= Antiflatulent =

Drug used to prevent flatulence

An antiflatulent or deflatulent is a drug used for the alleviation or prevention of flatulence, excessive intestinal gas.

==Mechanisms of action==
=== Preventing gas ===
- Enzymes – Enzyme-based dietary supplements break down indigestible substances and prevent these substances from reaching the large intestine intact – where anaerobic bacteria produce gas. Substances indigestible by humans are usually present in foods associated with flatulence, like beans. When these substances reach the large intestine intact, they may be fermented by intestinal bacteria, thereby causing gas production. These supplements are usually taken with foods associated with flatulence. It is important to take the appropriate enzyme with the appropriate food. When consuming beans and other vegetables high in complex carbohydrates, it may be helpful to take a product that contains alpha-galactosidase, such as Beano or kombu. Additionally, for individuals with lactose intolerance, taking a lactase-containing product with lactose-containing foodstuffs may reduce flatulence.
- Herbal inhibitors – Many herbal substances have been observed since antiquity for reducing flatulence, particularly gas from eating legumes.
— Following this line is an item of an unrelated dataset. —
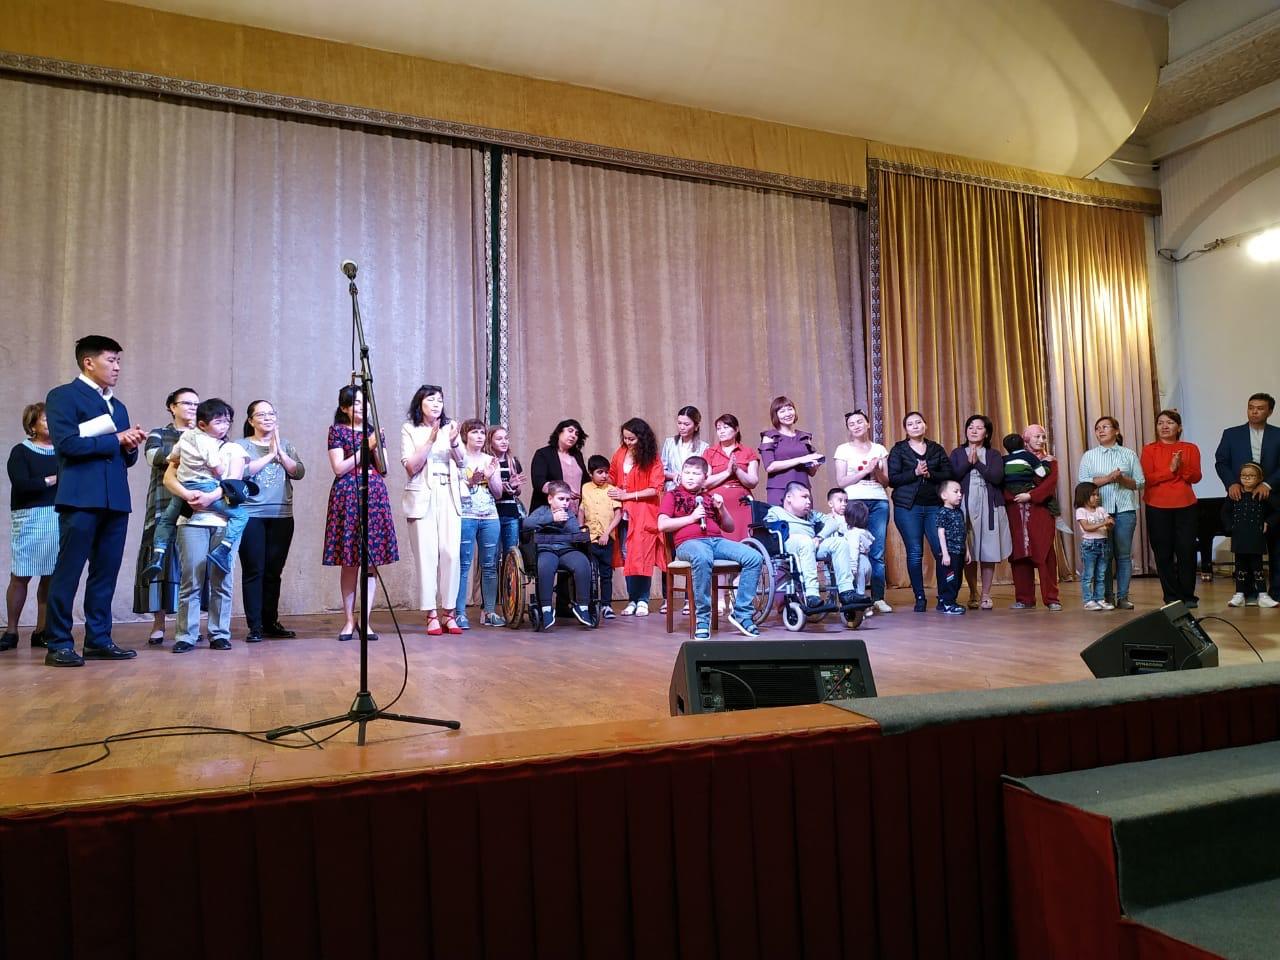 Концерт в поддержку детей с мышечной дистрофией прошёл в Алматы

Cloves, nutmeg, cinnamon, and garlic are potent in reducing gas. The potency of garlic increases when heated, whereas the potency of cinnamon decreases. Other spices have a lesser effect in reducing gas, including turmeric, black pepper, asafoetida and ginger. Other common Indian spices, aniseed, ajowan, and cardamom do not inhibit gas production, in fact they exacerbate it significantly. In contrast, cumin has been shown to reduce bloating and alleviate other gastrointestinal ailments.

=== Relieving gas ===
For the alleviation of flatulence, an antifoaming agent such as simethicone may be taken orally. This agent will coalesce the smaller gas bubbles into larger bubbles, thereby easing the release of gas within the gastrointestinal tract via burping or flatulence.

==Classification==

===Antifoaming agents===
- Simethicone (also marketed under the name "Gas-X" in some countries)

===Enzyme-based dietary supplements===
- Beano
- Lactase (brand Lactaid)

===Herbal antiflatulents===
- Epazote is claimed to have antiflatulent properties.
- Asafoetida reduces the growth of indigenous microflora in the gut thereby reducing flatulence.